La droite fracturée, la gauche explosée, le centre écartelé, la France en morceaux. Il se trouvera bien un éboueur pour ramasser les débris, c’est-à-dire nous.

mardi 28 février 2017

Les zoms politiques (y compris quelques femmes)


Je ne laisserai personne sur le bord de la route. Les zoms politiques aiment cette image du conducteur généreux pour les auto-stoppeurs : on a entendu ce cliché dans la bouche de Sarkozy, maintenant Macron. Sur les routes, on voit pourtant de plus en plus d’errants à chaussures usées, et quand les voitures officielles passent à toute vitesse, escortées de motards, se réfugier d’un bond sur le bord de la route est leur seule chance de survie.

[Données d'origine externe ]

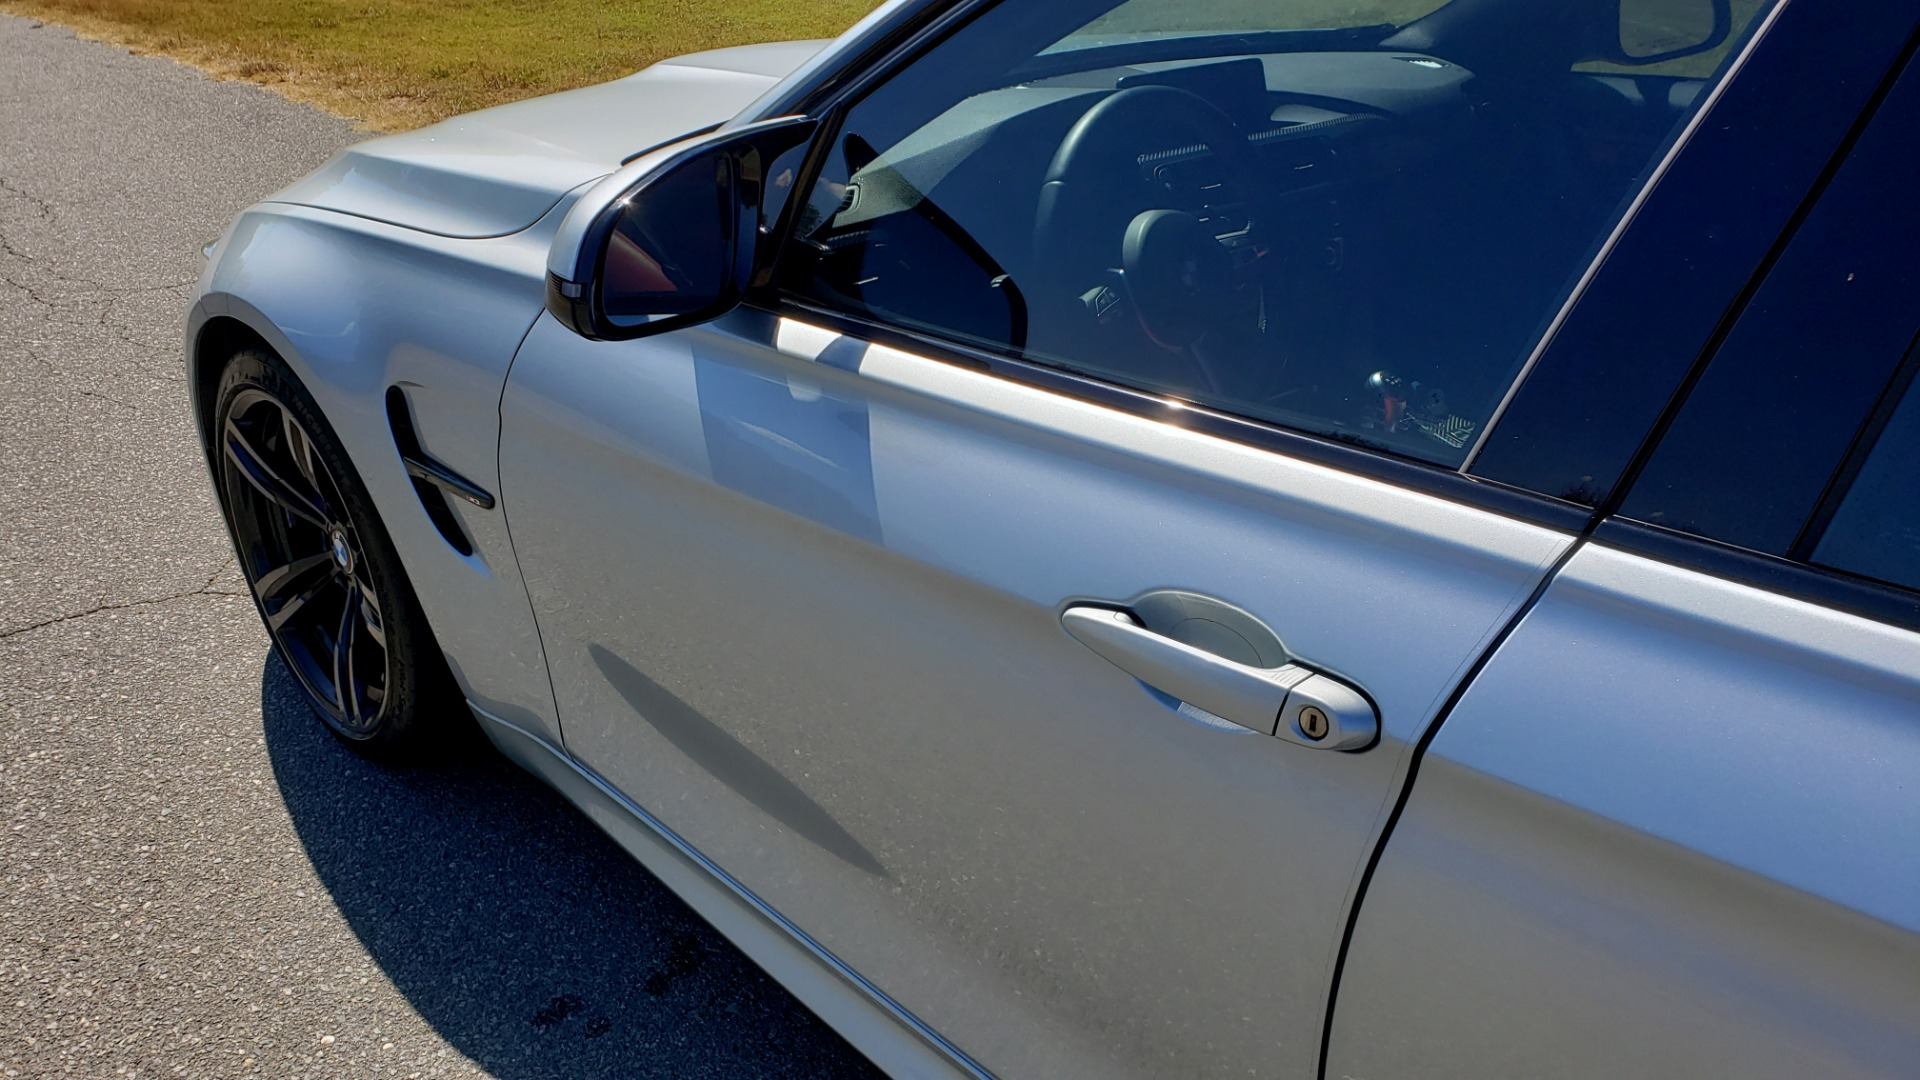 Used 2015 BMW M3 EXECUTIVE PKG / NAV / CAMERA / HUD / CARBON FIBER ROOF for sale Sold at Formula Imports in Charlotte NC 28227 4

Les zoms politiques se plaignent que les journalistes commentent des « phrases sorties de leur contexte ». Sur le principe, ils ont raison : chacun a fait l’expérience de la déformation de ses propos en raison d’un énoncé tronqué. Mais en pratique, ils ont souvent tort. La réécoute de leur discours intégral ne diminue en rien la portée de l’énoncé décontextualisé. D’autant que les zoms politiques ne construisent plus de discours, comme au temps des orateurs, mais qu’ils calibrent une suite de petites phrases déconstextualisables, prêtes à l’emploi pour les citations dans les médias.

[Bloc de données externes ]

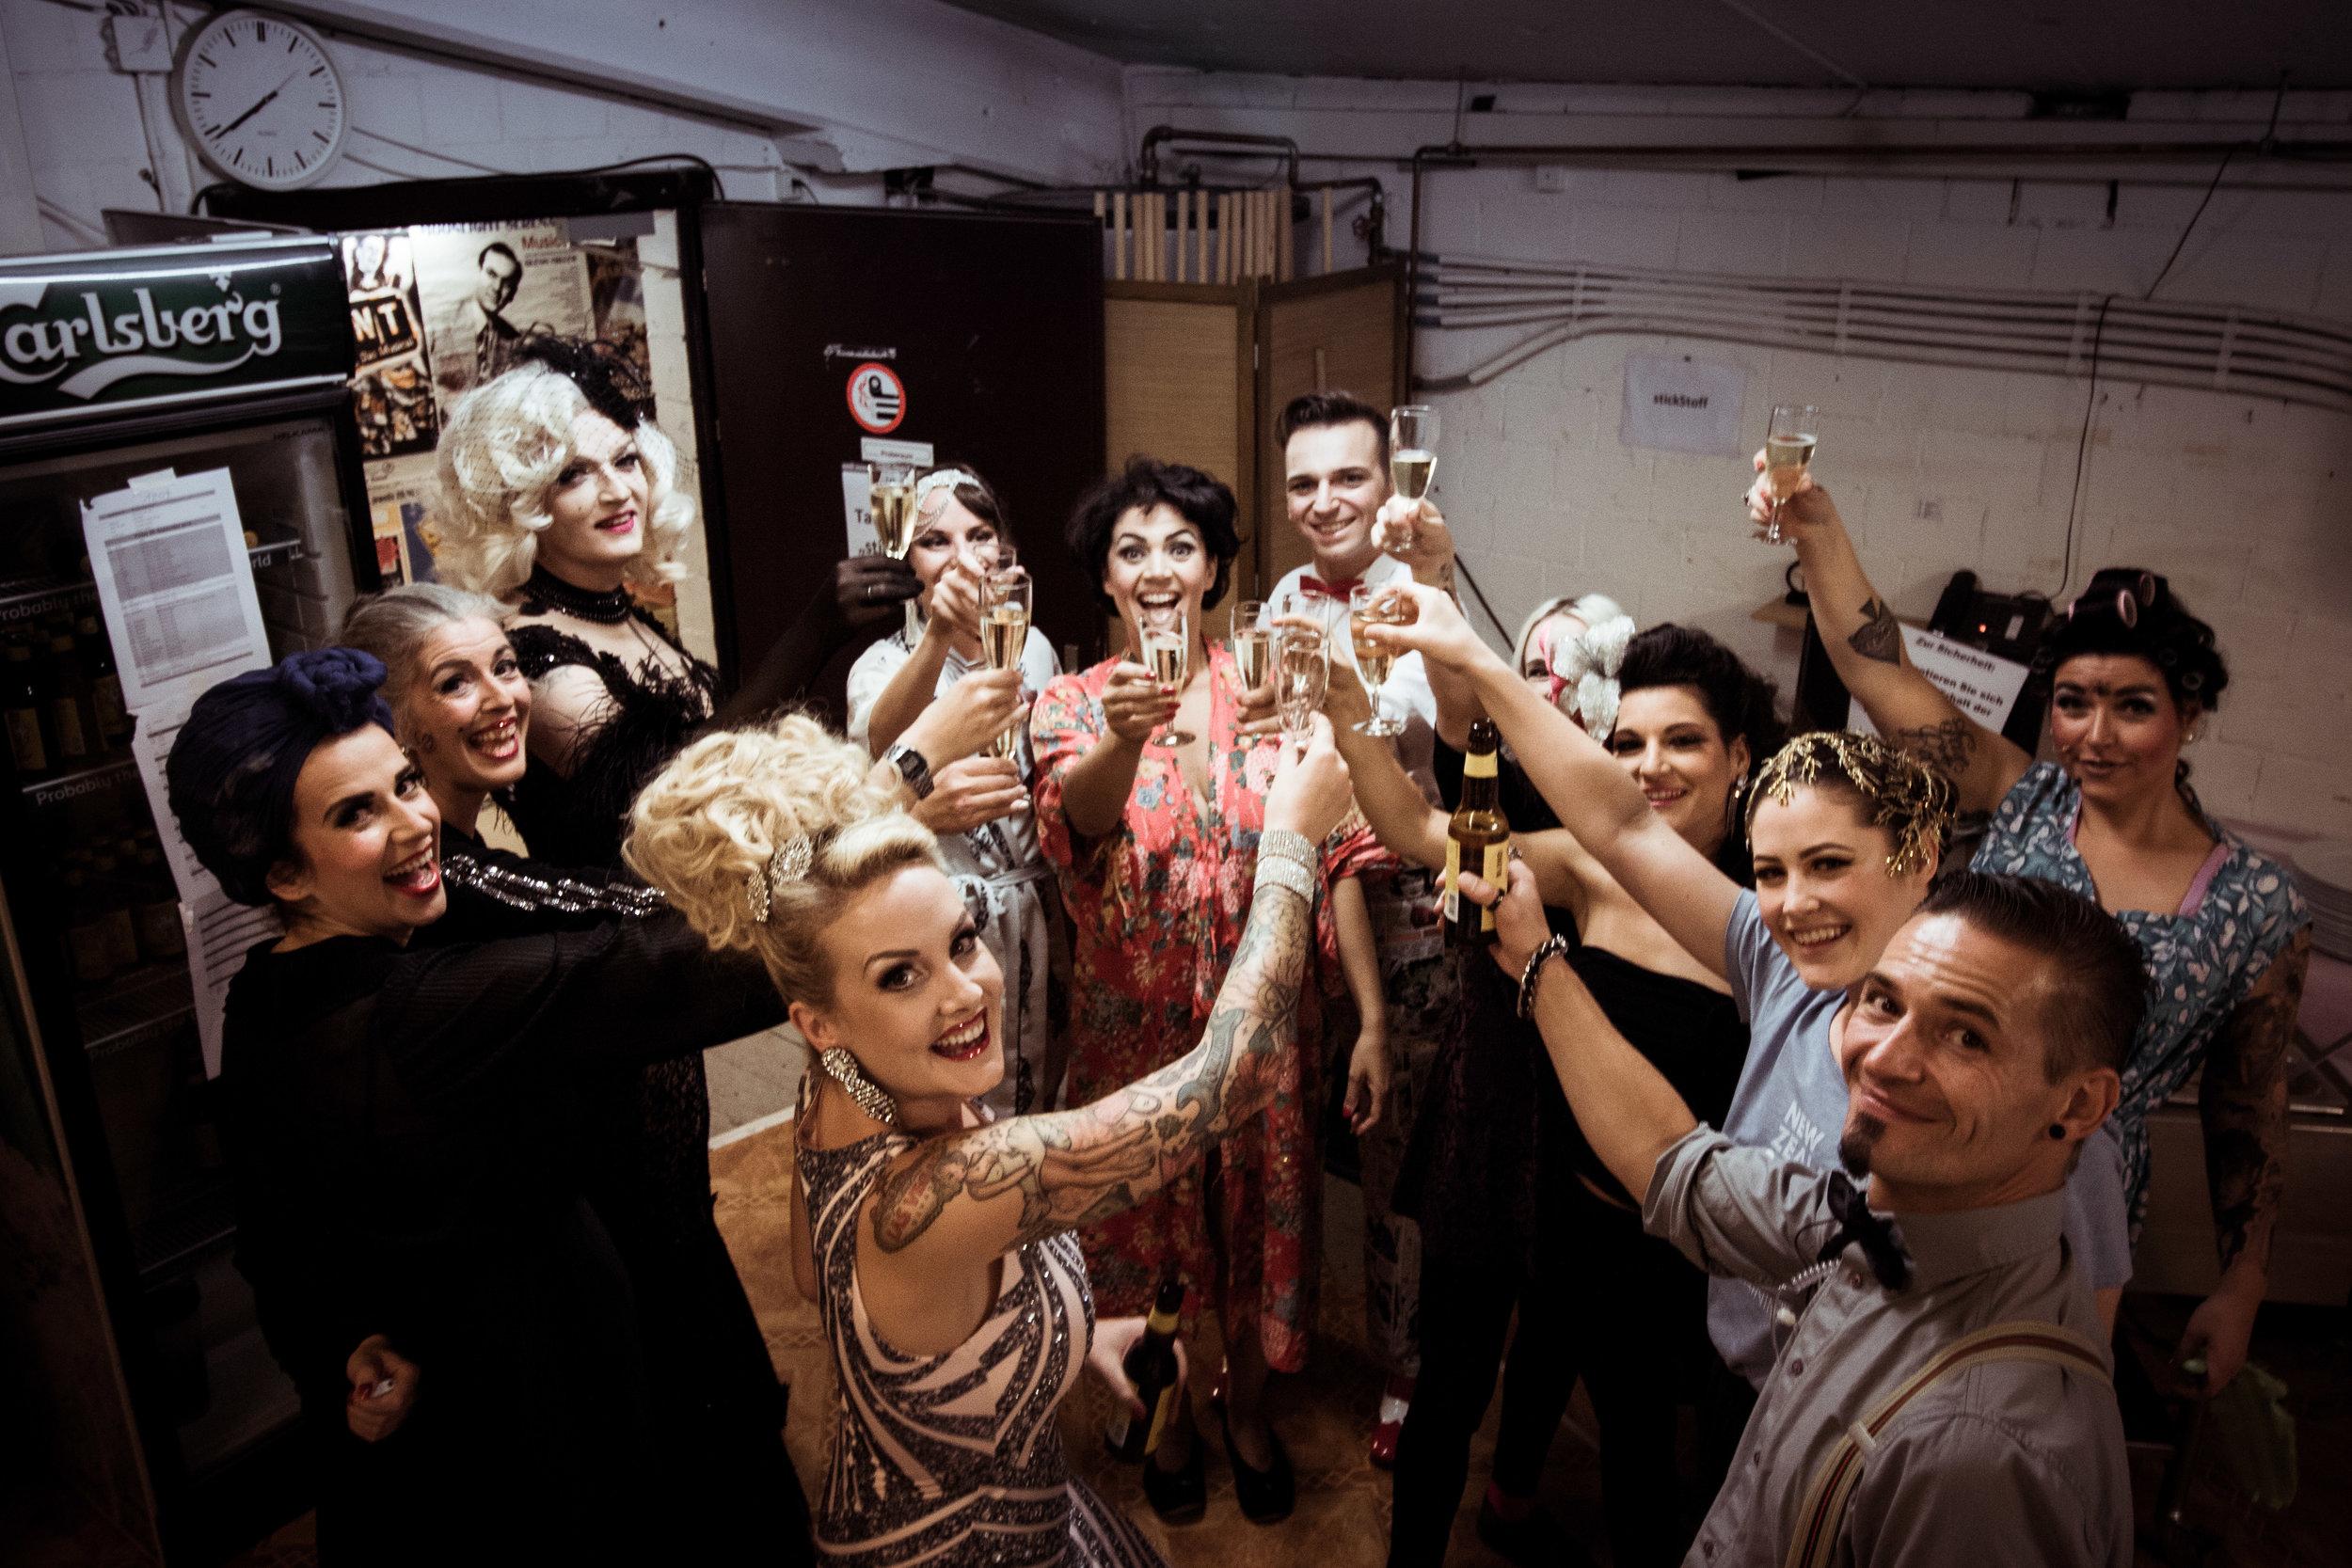 Swiss Burlesque Festival 2018 by Dirk Behlau-3431.jpg

Pendant qu’un zom politique dit à la radio que les agriculteurs ont « une mission sociétale », une agricultrice se pend dans sa salle de traite, avec pour seuls témoins ses vaches laitières qui ne peuvent plus la nourrir et qu’elle désespère de pouvoir continuer à nourrir. Fin du « monde agricole », puisque l’agriculture est un « monde » pour les zoms politiques.

jeudi 16 février 2017

Mon portable


Mon portable est intelligent. Il sait ce que je vais écrire. Il a en stock un dictionnaire pour corriger les fautes, mais aussi un manuel de conversation avec une multitude de clichés et, plus impressionnant, il a conservé en mémoire mon lexique usuel, sclérosé en tics de langage, et mes suites habituelles de mots, qui constituent autant de routines de discours. Mon portable me propose à la fois la langue de tout le monde et ma parole personnelle ; c’est un trésor lexical qui mélange la langue commune et mes expressions individuelles.

Travaux pratiques en direct : je tape Je sur le clavier, et la barre des mots propose au choix : suis – vais – pense – ne – sais – me – crois – peux – viens – le.

Rien de personnel.

Si je sélectionne vais, s’affiche une autre suite de mots syntaxiquement cohérents : me – faire – voir – te – aller.

Donc, je vais aller, tournure lourde, mais sans doute habituelle sous mes doigts. Après aller, le portable suggère, entre autres possibilités, chez, que je sélectionne. Vient ensuite une liste de déterminants. J’appuie sur les. Nouvelle série : parents – jeunes – loups – gens – autres – filles – hommes – Romains – enfants – voisins. Ici, on entre dans le dur du sens. Aller chez les filles fait partie des expressions toutes faites, j’imagine. Mais aller chez les hommes paraît incongru. Et que vient faire ici Romains ? Le portable se souvient-il d’Astérix ? C’est un second intrus qui m’épate : loups. Aller chez les loups. Car cette expression-là appartient bien au répertoire de ce que j’écris régulièrement. Le portable a retenu cette private joke, et j’hésite entre admiration pour une telle mémoire et inquiétude d’être ainsi écouté par mon portable. Désagréable impression qu’il en sait plus que moi, qu’il écrit par anticipation, qu’il devine mes pensées et qu’il choisit à ma place. Si je valide la suggestion, j’obéis à ce nouveau maître. Parfois, j’appuie à côté dans la liste présélectionnée et il me fait dire ce que je ne voulais pas dire. Mais qui sait ? C’est peut-être lui qui avait raison. Mon portable propose et dispose.